体形が「ずんぐり」している戦闘機F-35A「ライトニングII」(写真出典:アメリカ空軍)。

 SNSなどにおける反応を見ると、「意外と小さい」という印象を抱いた人が少なくないようです。それもそのはずで、F-35Aは現在、航空自衛隊が配備する戦闘機のなかでは最小であるF-2とほぼ同等の、全長15.4m、全幅10.7mしかありません。

 F-35Aは寸法の上では小さく、とてもずんぐりむっくりした、悪くいえばメタボ(メタボリックシンドローム)のような見た目で、実際にも非常に重い戦闘機です。その最大離陸重量はおよそ31トン。これは、全長19m以上と遥かに巨大な空自戦闘機F-15Jにも匹敵します。

 それゆえに一見すると「カッコイイ戦闘機」とは無縁な、野暮ったい姿に思えるかもしれませんが、ところがこの見た目にこそ、「F-35Aのすごさ」が秘められているのです。

 通常、戦闘機は小さければ小さいほど有利です。空気抵抗を最小限に抑えられますし、機体構造も軽くできます。ところが、小さいとどうしても装備品を機体の外に搭載せねばならず、実際、空自のF-2などはミサイルや爆弾、追加の燃料タンク、前方監視赤外線センサー(FLIR)など多くの装備を外付けしています。

 しかし、F-35Aは大容積の機体のなかに、これらをすべて収容できます。ミサイルや爆弾は胴体下のウェポンベイ(兵器庫)内部に格納、また機内燃料タンクの容量は、F-2の機内タンクと外部燃料タンク2本分にほぼ匹敵。前方監視赤外線センサーは機首部に標準搭載されるほか、あらゆる方向を自動監視する「全球覆域状況認識センサー(EO-DAS)」など、F-2には存在しない多くの高性能な装備も詰め込んでいます。


F-35Aモックアップのウェポンベイ内部。左から「JDAM GPS誘導爆弾」、「AIM-120空対空ミサイル」がふたつ、右端が「JSOW GPS巡航ミサイル」(関 賢太郎撮影)。

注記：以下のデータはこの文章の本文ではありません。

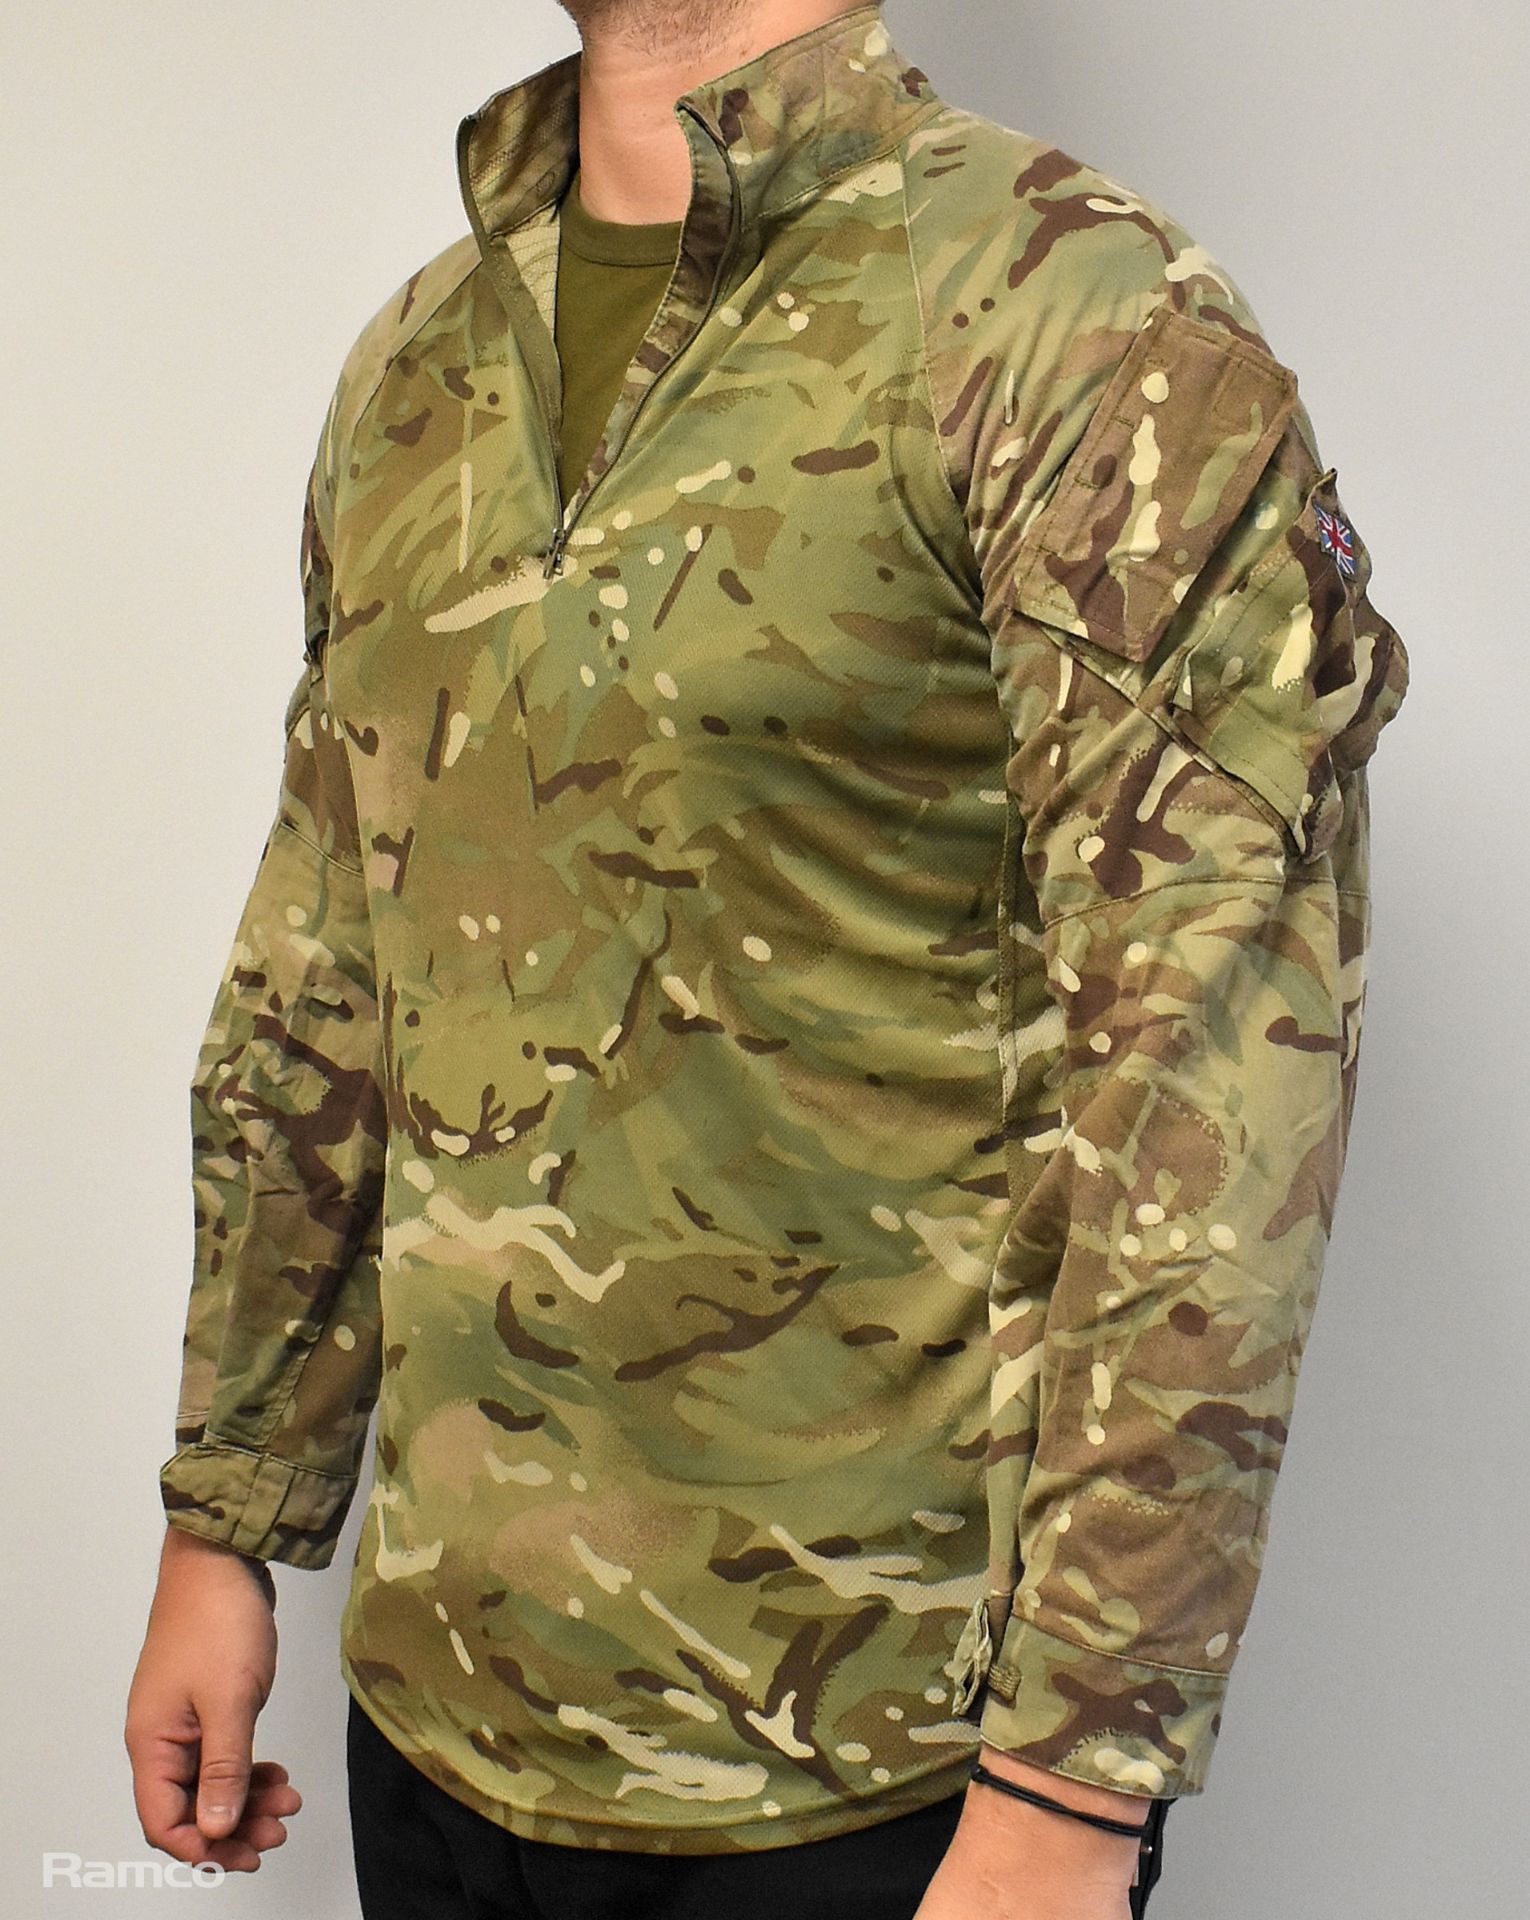 80x British Army MTP UBAC's shirts - mixed types - mixed grades and sizes - Image 2 of 12

 加えて、エンジンを1基しか搭載しないにもかかわらず、そのパワーはエンジン2基を搭載するF-15にほぼ匹敵。大重量を支えるに十分といえます。戦闘機を構成する部品のなかで最も大きいエンジンを1基で済ませているのですから、単純にエンジンまる1基ぶんの容積や重量を、そのほかの搭載物にあてることを可能にしています。

 現代の空中戦は、高度なレーダー・センサーや妨害装置、ネットワークシステムといった電子機器や、それらを制御するコンピューター同士の戦いです。さらに、機体の外側を「綺麗(クリーン)」に保てるF-35はレーダー反射をも低減でき、優れたステルス性も獲得しています。

F-35は戦闘機だけど「戦闘機」じゃない?

 F-35は重いぶん、機動性などに劣るのではないかという指摘もあります。確かにそれは、一部事実かもしれません。しかしほかの戦闘機も、装備品を外部搭載してしまえば重くなります。そして外部搭載すればするほど、F-35以上に空気抵抗が増えてしまうことを考えれば、それほど大きな弱点とはいえないでしょう。

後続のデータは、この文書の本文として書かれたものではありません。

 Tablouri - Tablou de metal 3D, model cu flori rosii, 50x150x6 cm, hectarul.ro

 F-35は、卓越したセンサーで敵を先に発見し、ステルス性を生かして自らは発見されることなく、遠くからミサイルを射撃することを基本とします。いわば、新しい世代の「情報共有ネットワークを礎とする航空戦」における、「兵装投射・センサー端末」であり、“既存の戦闘機とは全く別種の兵器”です。


F-35Aモックアップのコックピット。実機の射出座席は、先ごろ生還実績のべ7500人を突破したマーチン・ベイカー社製(関 賢太郎撮影)。

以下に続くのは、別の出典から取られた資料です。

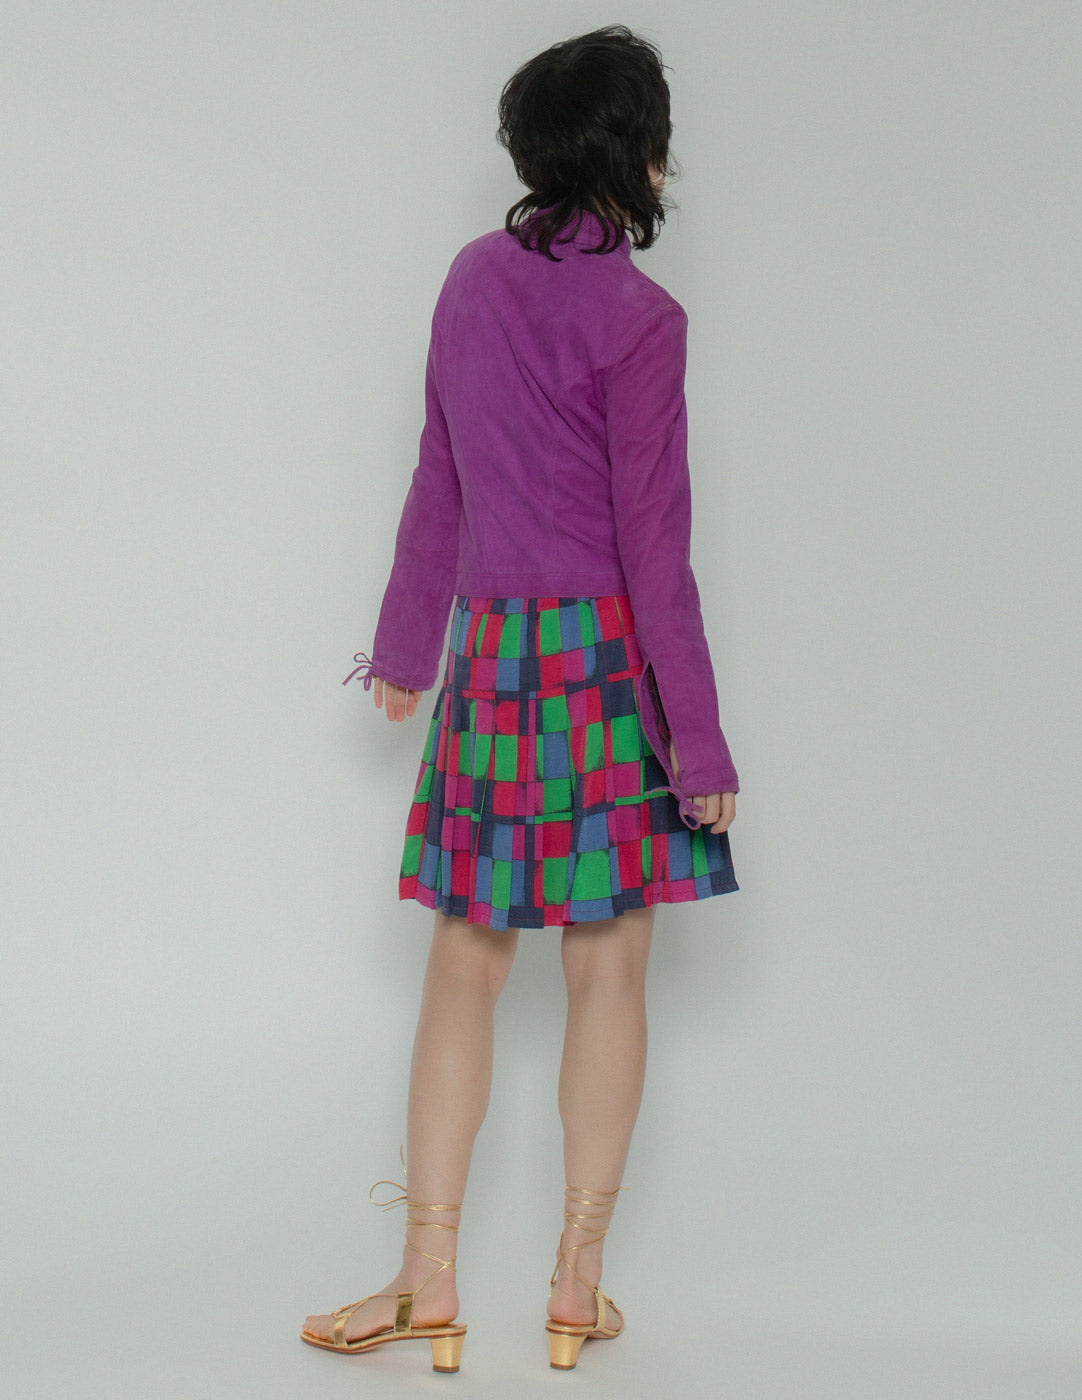 Gianni Versace vintage purple suede jacket back view

 パイロットもこれまでの戦闘機とは異なり、単に「戦士」としての資質だけではなく、“F-35というシステム”を使いこなす「オペレーター」としての能力も要求されるようになりました。

 ロッキード・マーティン社はこれについて、従来の常識を根底から覆す「ゲームチェンジャー」と表現しています。実際、アメリカ空軍のF-35Aは、既存の戦闘機とのある演習において、1度も発見されることなく一方的に27機を撃墜するという、無敵の戦果をあげています。

 F-35の見た目は、「カッコイイ戦闘機」とは無縁であるかもしれません。しかしそれは、もはや従来の価値観では測りえない、新しい世代の設計思想を反映した「新しい価値観による美しさ」を持っているからだといえます。

【写真】F-16戦闘機と比べずんぐりなF-35


奥がF-35で、手前が1974年に初飛行し、現在もアメリカを始め各国で使用されているF-16戦闘機。空自のF-2もF-16が原型機(写真出典:アメリカ空軍)。